Je ne suis pas une très grande admiratrice d'Henri VIII, personnage très controversé, mais n'étudier ce roi que sous l'angle de ses rapports avec les femmes alors qu'il était un souverain guerrier, cultivé et qui a conduit son pays dans de très grandes réformes religieuses, c'est quasiment une insulte, en tout cas une absurdité. Pour un peu, je le plaindrais. On a affaire à de l'histoire racontée par le bout de la lorgnette. Tout est résumé ou presque dans l'affiche. Au passage, je m'étonne que les féministes n'aient pas crié au scandale. A moins que ce ne soit une subtile allusion au fait qu'Henry a décapité deux de ses femmes ? Mais le film, justement, ne manie guère la subtilité... Tout est trop simplifié, voire caricaturé. On tombe dans des chroniques mondaines et sexuelles.

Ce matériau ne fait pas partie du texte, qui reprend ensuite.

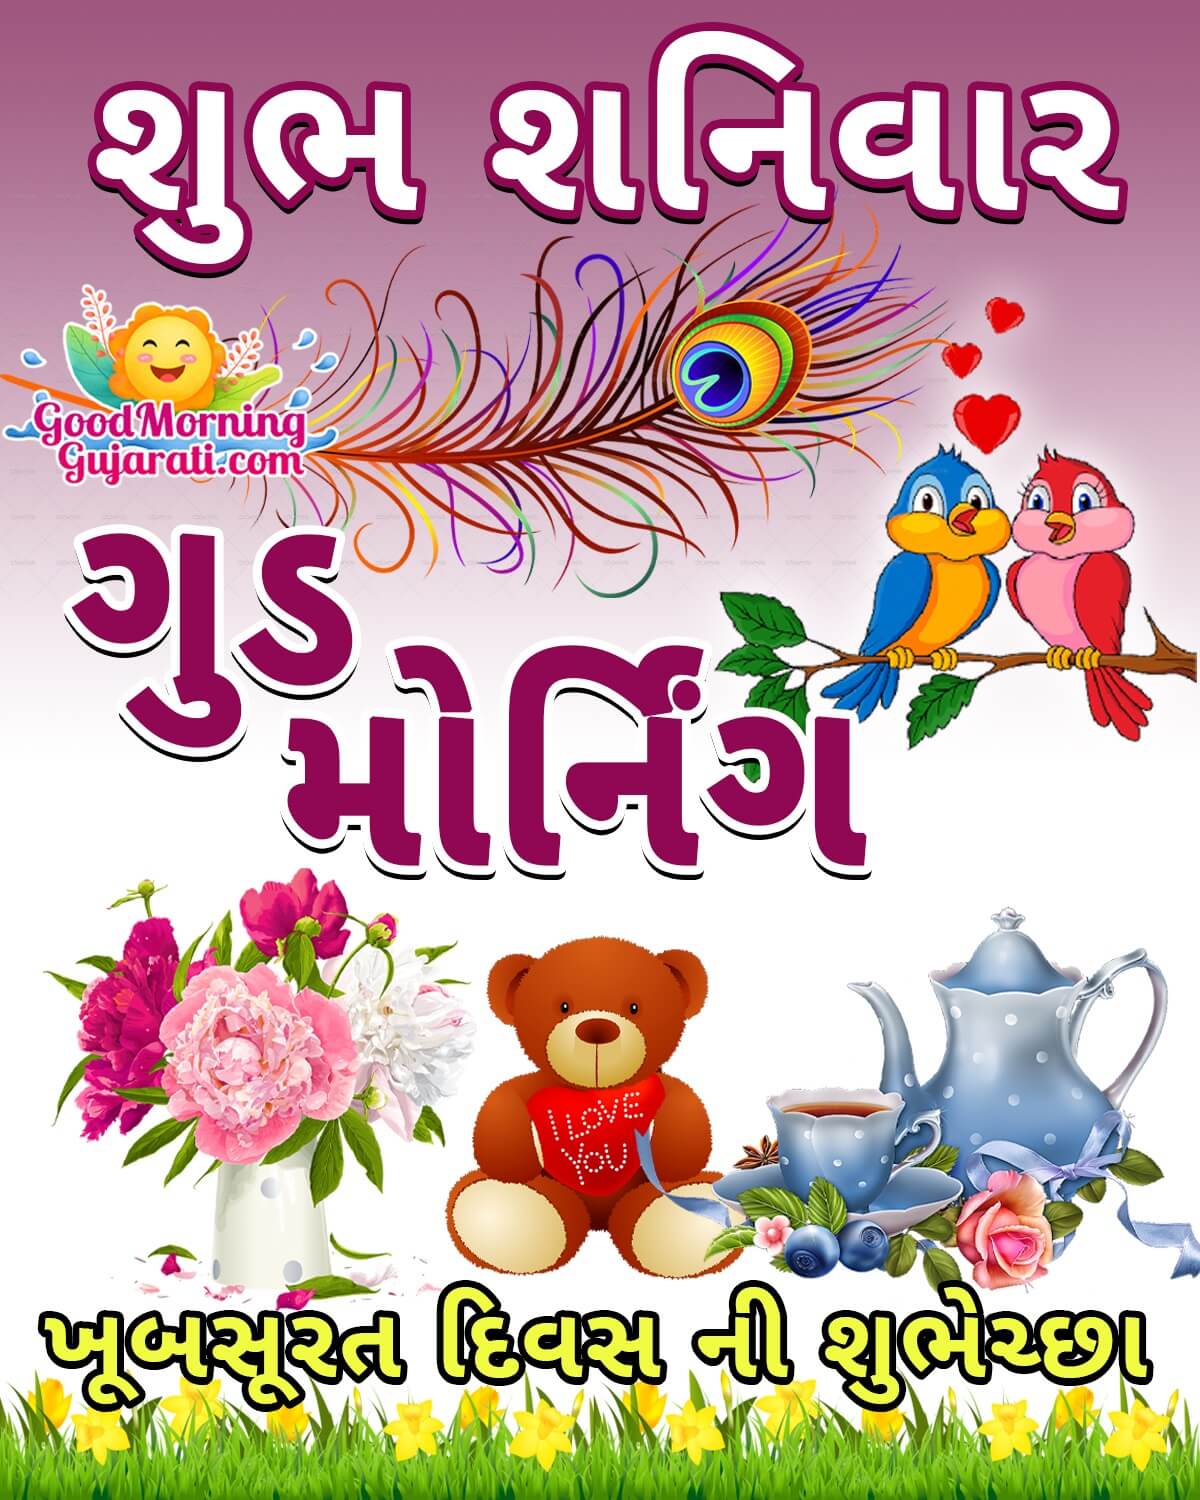 Shubh Shaniwar Good Morning Wish

D'abord, les processus de narration se répètent successivement. Il est vrai qu'ils reprennent les processus de la faveur et de la chute, réalités de tout système curial de l'époque. On a la même chose en France, l'exécution publique en moins (les courtisans français sont simplement exilés, ce qui est un avantage par rapport à leurs homologues anglais). Mais d'autres problèmes de narration existent : des personnages disparaissent sans explication, d'autres réapparaissent tout aussi soudainement... Par exemple, de qui est le fils de Brandon ? De Margaret, la soeur du roi ou de sa seconde femme Catherine ? Que devient Tallis, le musicien du roi ? Anne de Clèves apparaît, disparaît au gré de la fantaisie des scénaristes.

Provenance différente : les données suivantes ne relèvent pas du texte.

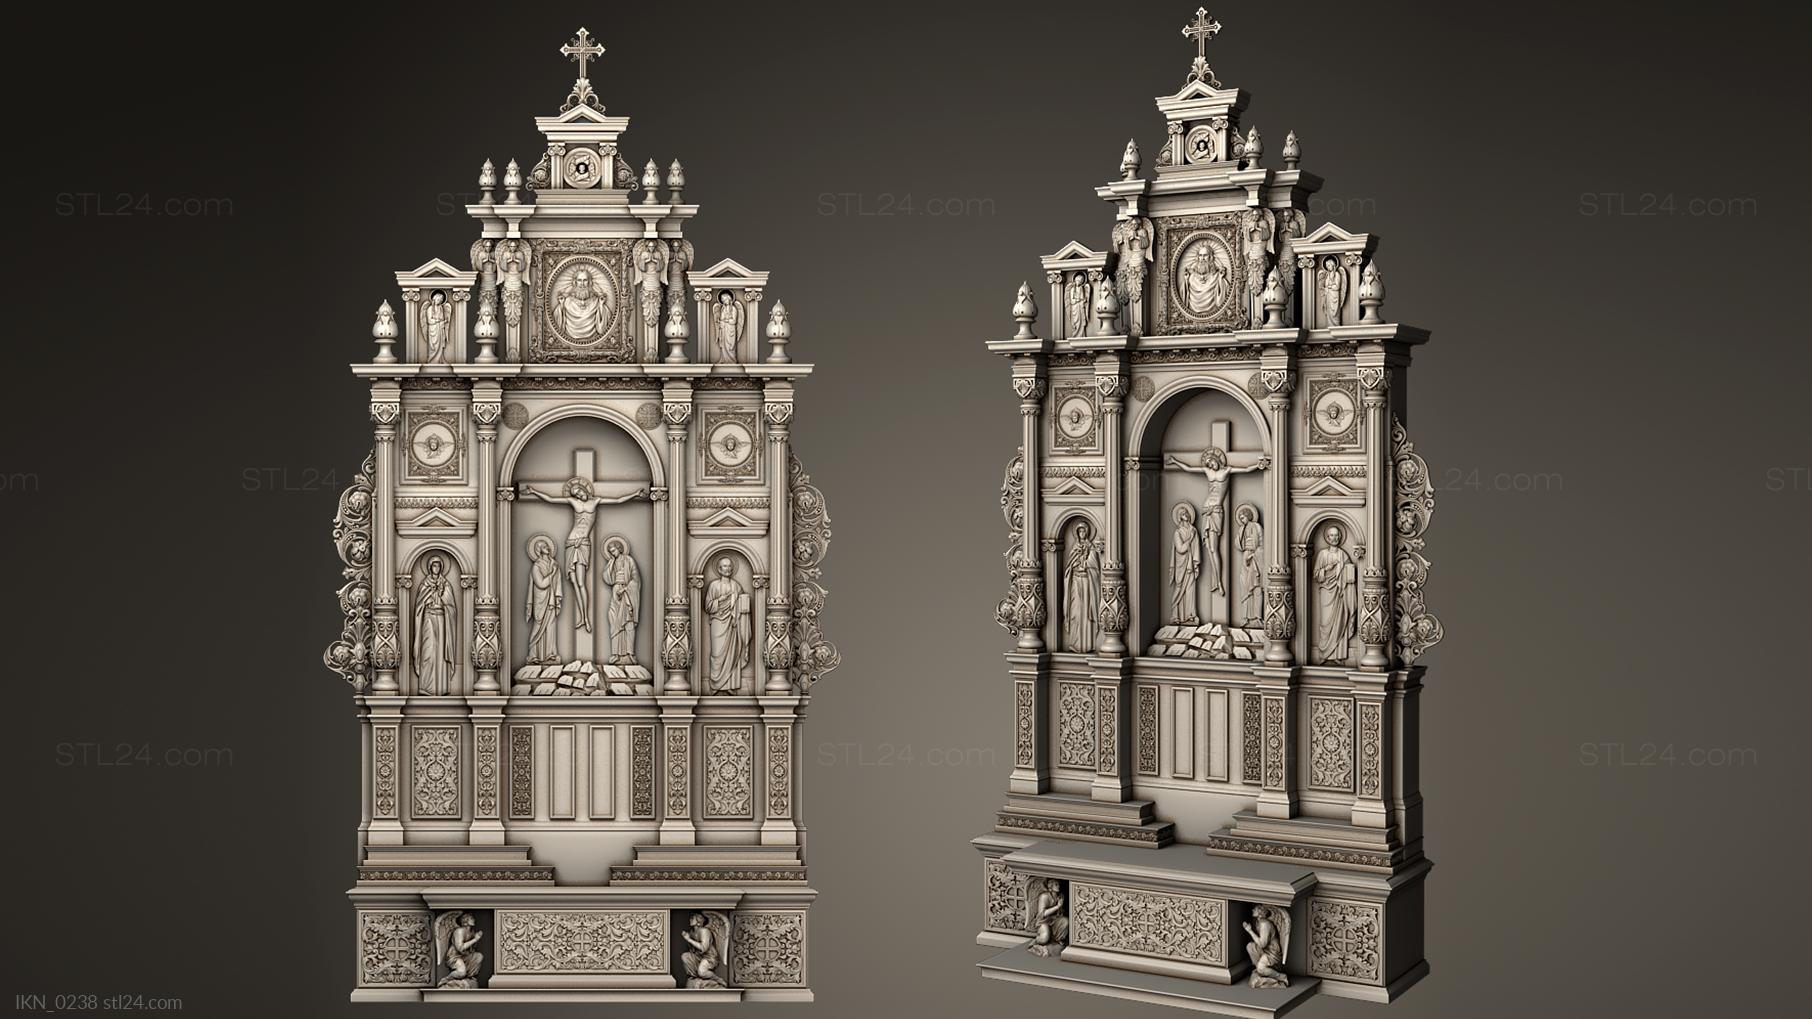 Иконостасы (Католический иконостас, IKN_0238) 3D модель для ЧПУ станка

Secundo, le problème de la chronologie. Le réalisateur ne doit pas savoir ce que signifie ce mot. D'accord, il n'est pas historien, le public non plus, point n'est besoin d'être si tatillon. Mais mettre en scène Henri VIII sous un aspect adolescent alors qu'il a plus de 40 ans, organiser le mariage de George Boleyn en 1534 alors qu'il est marié depuis près de 8 ans, parler de fièvre puerpérale alors que c'est un terme inventé au XVIIIe siècle, mettre la Vénus de Milo dans un parc anglais alors qu'elle a été découverte en 1820 en Grèce et se trouve au Louvre (d'où elle n'a jamais bougé), montrer la basilique Ste Rome dont le chantier a tout juste débuté, faire mourir le fils bâtard du roi à 3 ans alors que dans la réalité il est mort à 17, tout cela fait beaucoup et rend l'intrigue très irréaliste. Ce n'est pas l'Angleterre du XVIe siècle qui est représenté mais les fantasmes de réalisateurs américains sur le XVIe siècle.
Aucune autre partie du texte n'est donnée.